Steve's answer is mostly correct: it is indeed possible for the content to differ between http and https versions of the page.
One correction I'd suggest is that you don't actually need to do a redirect to accomplish this. For instance, with the Apache webserver, you could use the "Listen" directive to direct requests to different DocumentRoots. (Other webservers, such as Nginx have similar capabilities.) Alternatively, a server side language might also detect whether the connection is secure and display different content accordingly.
Though somewhat technical, the reason this distinction is important is that in a redirect, you'll have a different URL (e.g., http://example.com/unsecure redirects to https://example.com/secure). But if done without a redirect you absolutely can have different content when the URLs are exactly the same except for the protocol, i.e., whether the connection is http or https. (Thus, http://example.com/page could be different from https://example.com/page)
I'd also add that you can of course also have different content even when the URL and protocols are exactly the same. For instance https://example.com may display different content to different users depending on factors such as when they're accessing the page, where they're visiting from, the device they're using, etc.
The upshot of this to the OP is that from a technical perspective you cannot know with 100% certainty whether it's worth scraping both http and https versions of what are otherwise the same URLs just by looking at the URLs. So it may be a good idea to eyeball some of the pages in question to see if they are different, and if so if their differences are meaningful enough for you to include both.
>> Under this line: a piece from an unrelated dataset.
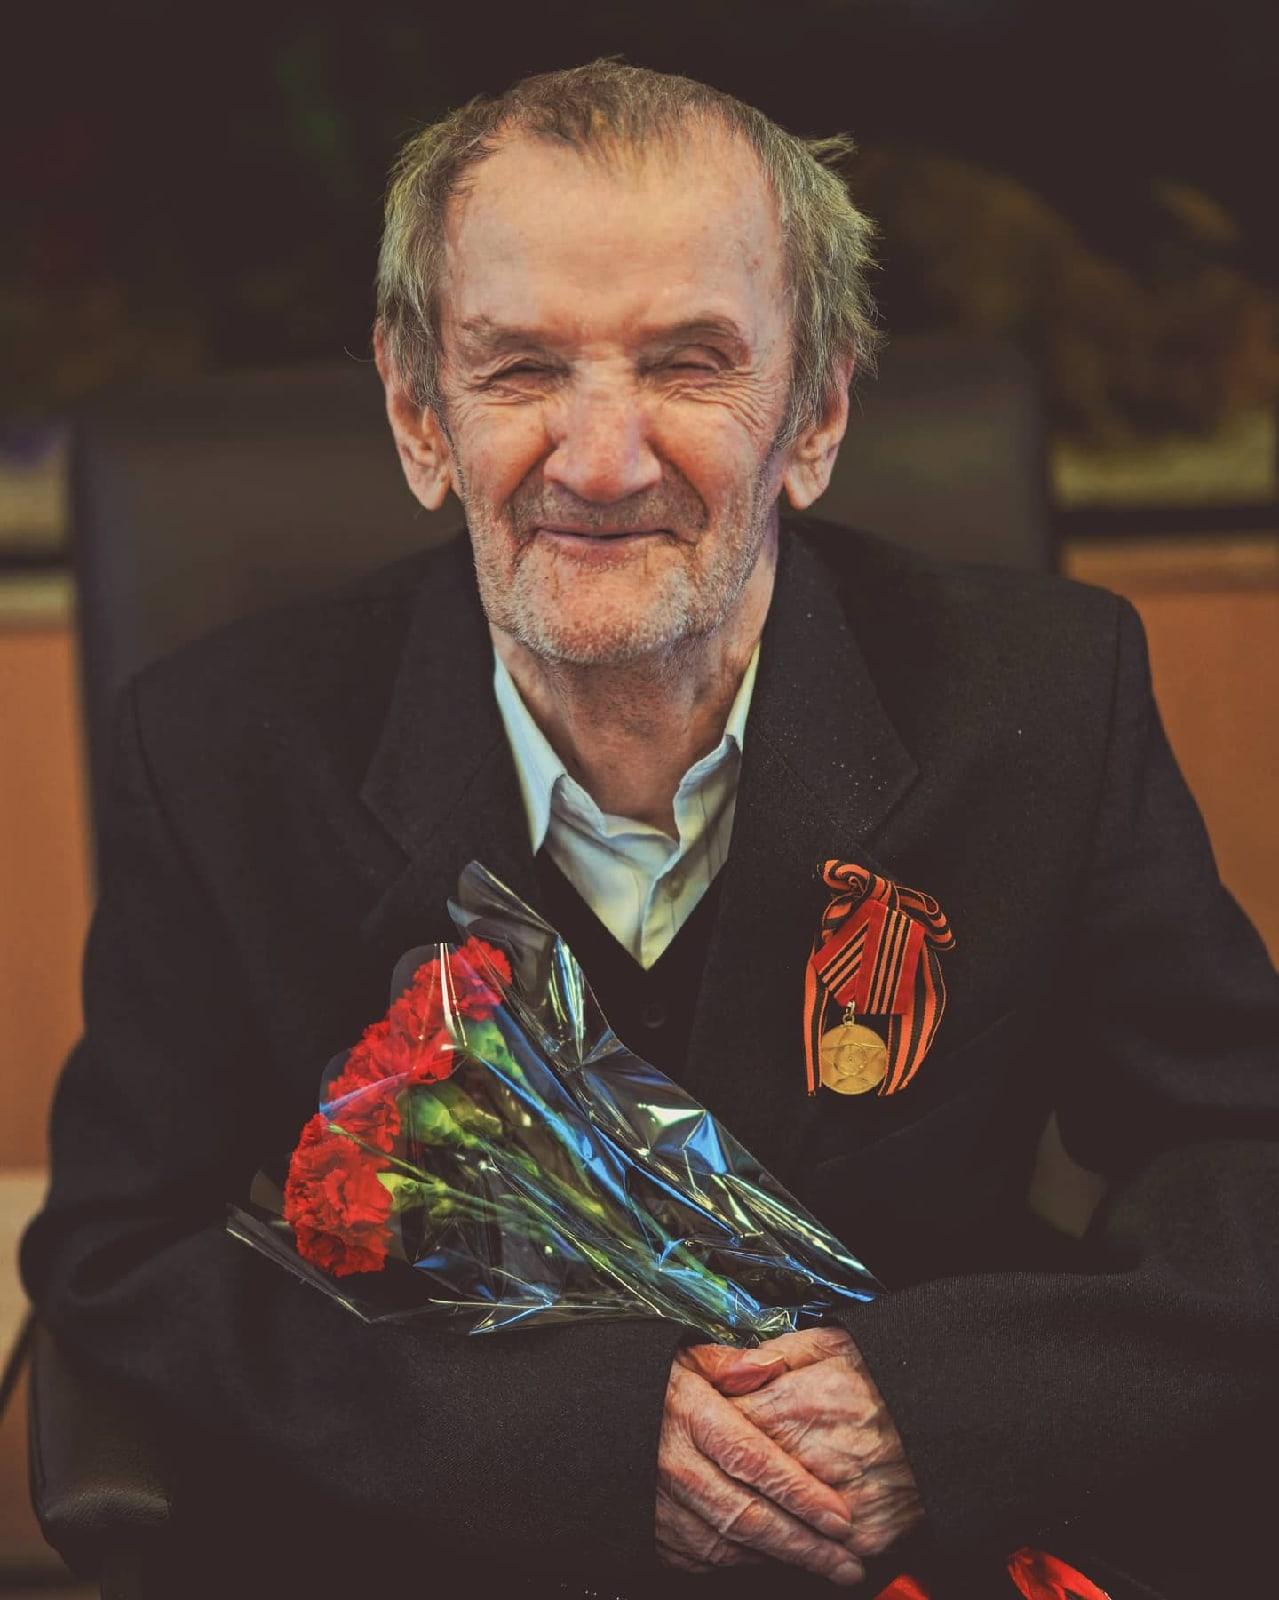 Евгений Владимирович Никольский поздравил Ветеранов Великой Отечественной войны.

That said, in 2020 https is more or less taken for granted by any decent website, so in practice I very much doubt you'll see much -- if any -- significant differences between the http and https pages. However, I do think you might notice some meaningful differences based on some of the other factors I mentioned above (time, location, device, etc.)
Edit: Just noticed the question about including or excluding the www in a URL.
The answer is pretty much identical the the one about http/https. Technically, the content could be different between two URLs differing only in whether they include www (e.g., https://example.com or https://www.example.com). So again, you can't know with 100% certainty just by looking at the URL alone and thus eyeballing a few of the sites in question is probably a good idea. That said, by convention pages with or without the www are almost always identical, so you'll probably be able to get away scraping just one or the other.